Gosnell was a physician who, in 2013, was rightly convicted of three counts of murder, as well as numerous other felonies. By the time his clinic was raided and he was arrested, his facility in a poor neighborhood of Philadelphia had not been inspected in over a decade. He was sentenced to life in prison. We in the reproductive health community were glad that he was convicted, given the danger his actions posed to vulnerable people seeking vital health care, but anti-choice opponents across the country have exploited the criminality of his actions to stigmatize abortion and intimidate abortion providers.
But the grand jury report indicates abortion activists are the ones to blame. They ignored Gosnell, allowing his horrific business to continue for decades.
Former Pennsylvania Gov. Tom Ridge, a pro-abortion Republican, stopped annual inspections of abortion facilities in the 1990s, “motivated by a desire not to be ‘putting a barrier up to women’ seeking abortions,” according to the grand jury.
A National Abortion Federation representative who inspected Gosnell’s facility also witnessed some of the horrors but never reported them to authorities – something the grand jury questioned.
“We understand that NAF’s goal is to assist clinics to comply with its standards, not sanction them for deficiencies. Nevertheless, we have to question why an evaluator from NAF, whose stated mission is to ensure safe, legal and acceptable abortion care, and to promote health and justice for women, did not report Gosnell to authorities,” the grand jury wrote.

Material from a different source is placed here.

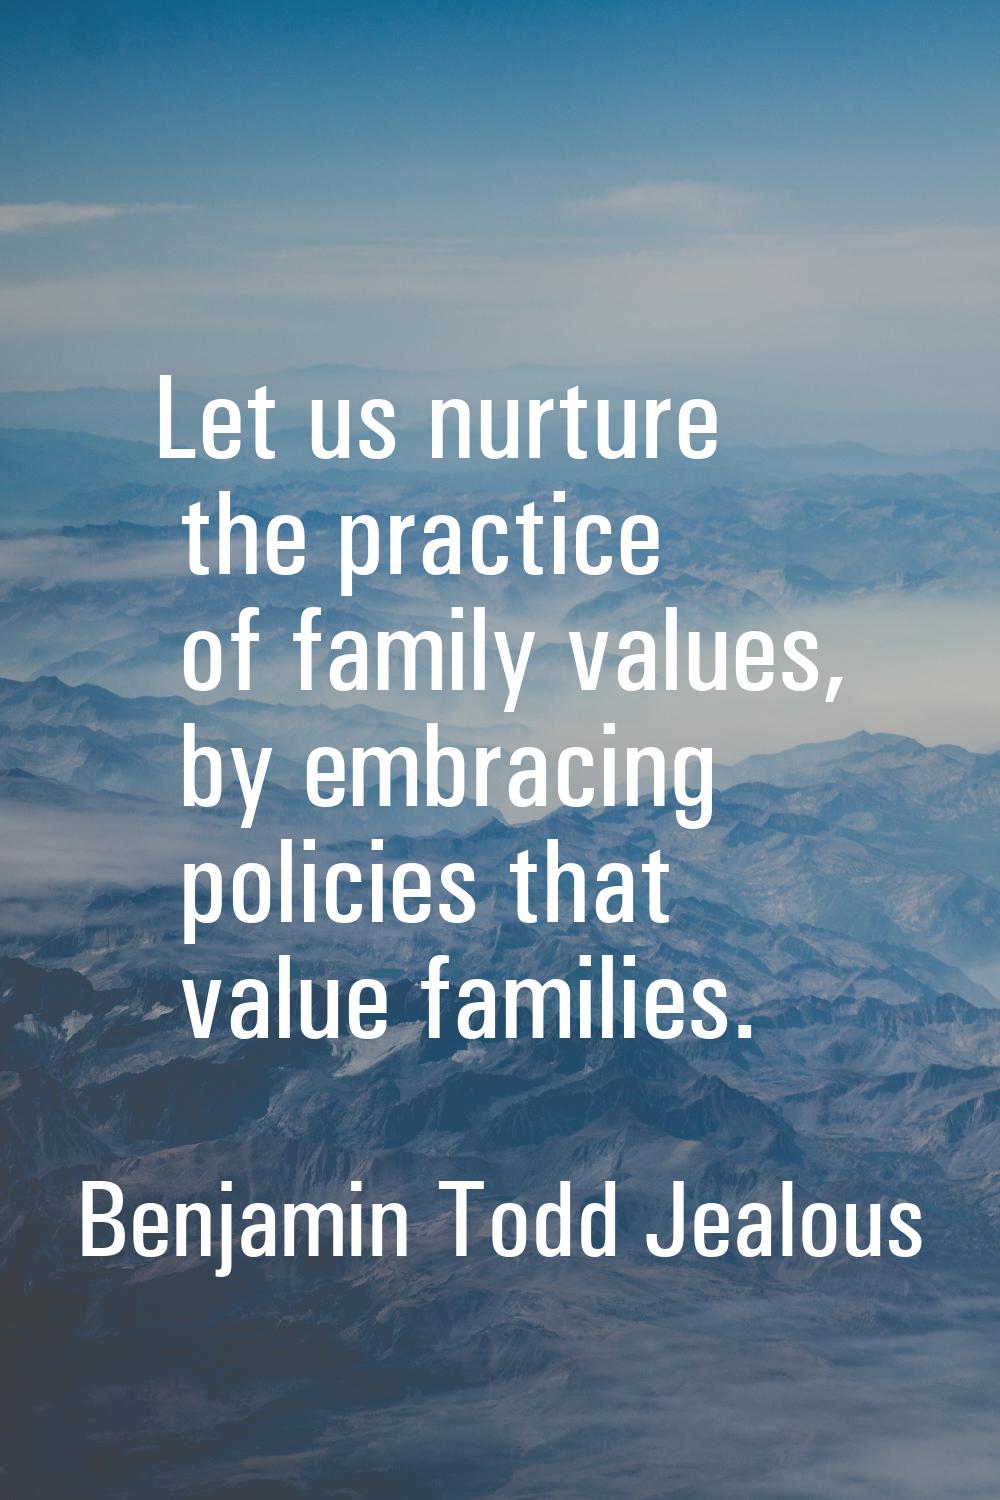 Let us nurture the practice of family values, by embracing policies that value families.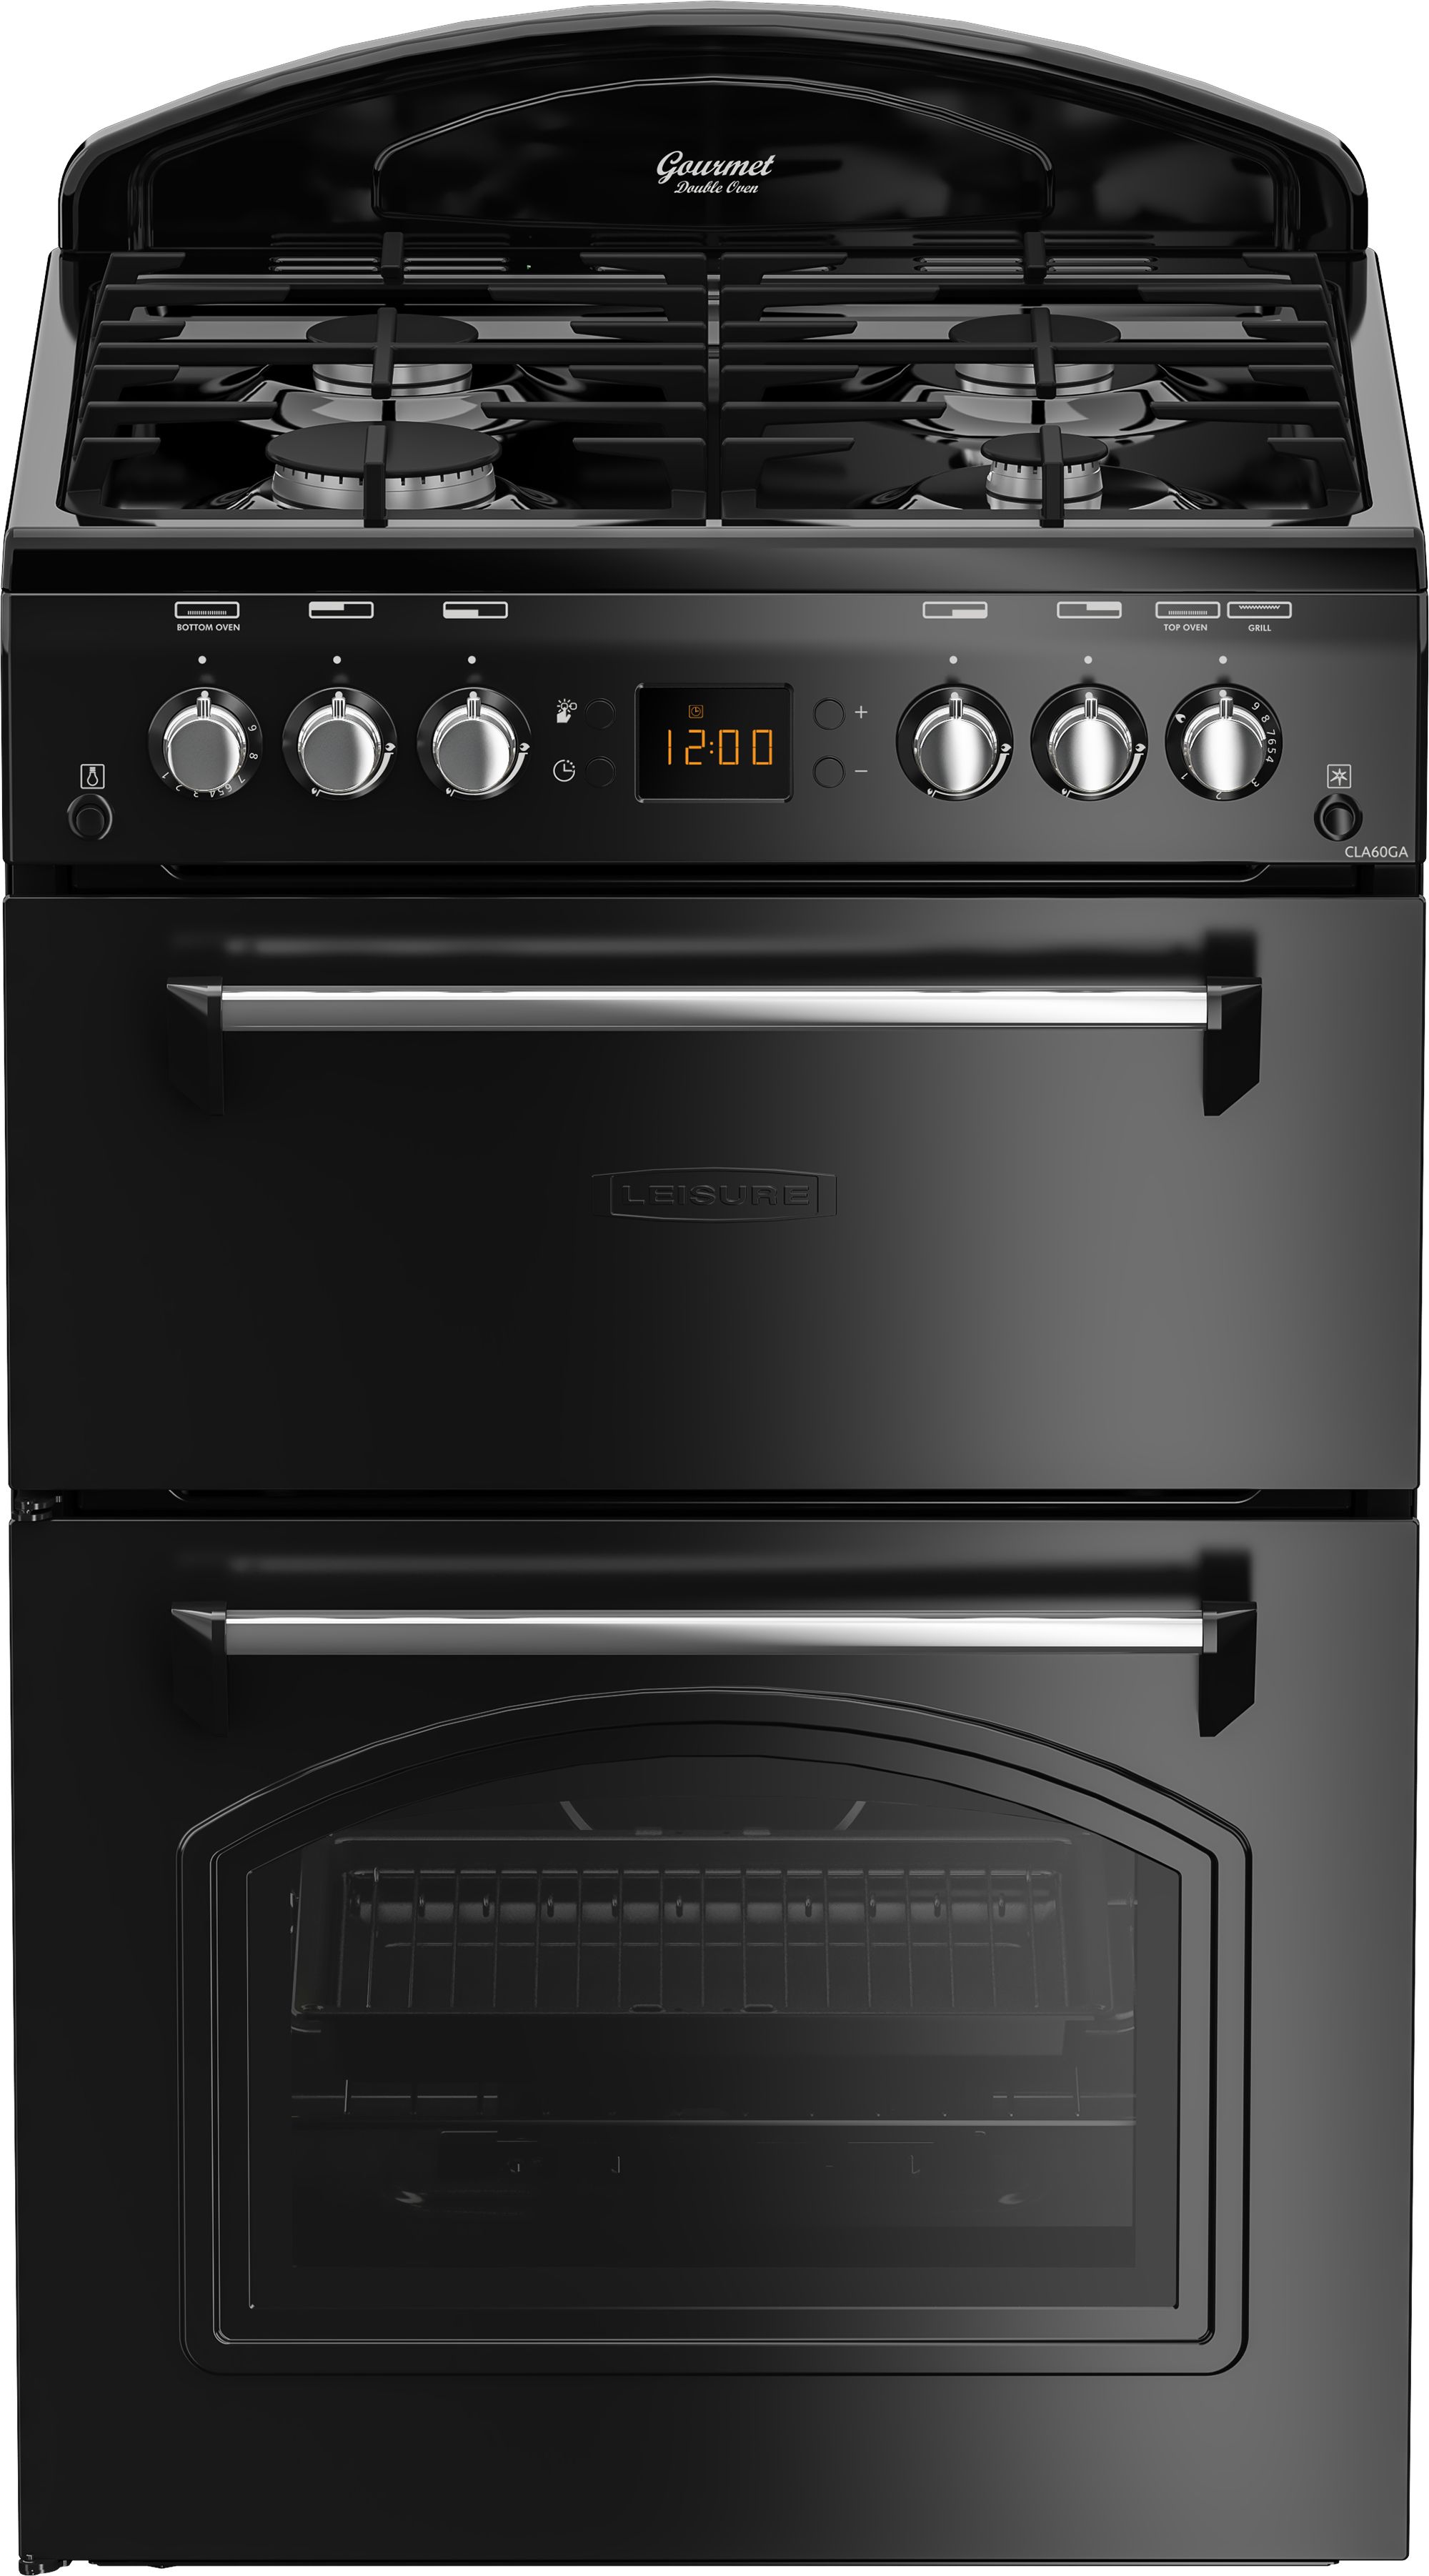 Leisure CLA60GAK 60cm Freestanding Gas Cooker with Variable grill - Black - A+ Rated, Black

And that is one of the key reasons why Parker and other abortion activists try so desperately to hide or manipulate the Gosnell case. It exposed how those who claim to want “safe abortions” were the ones who ignored him. They allowed Gosnell to get away with injuring potentially thousands of women and killing countless late-term newborn babies. Because legal abortions are more important than safe abortions.
Parker claimed the film “exploits the pain and suffering of women,” but that description fits the abortion industry much better.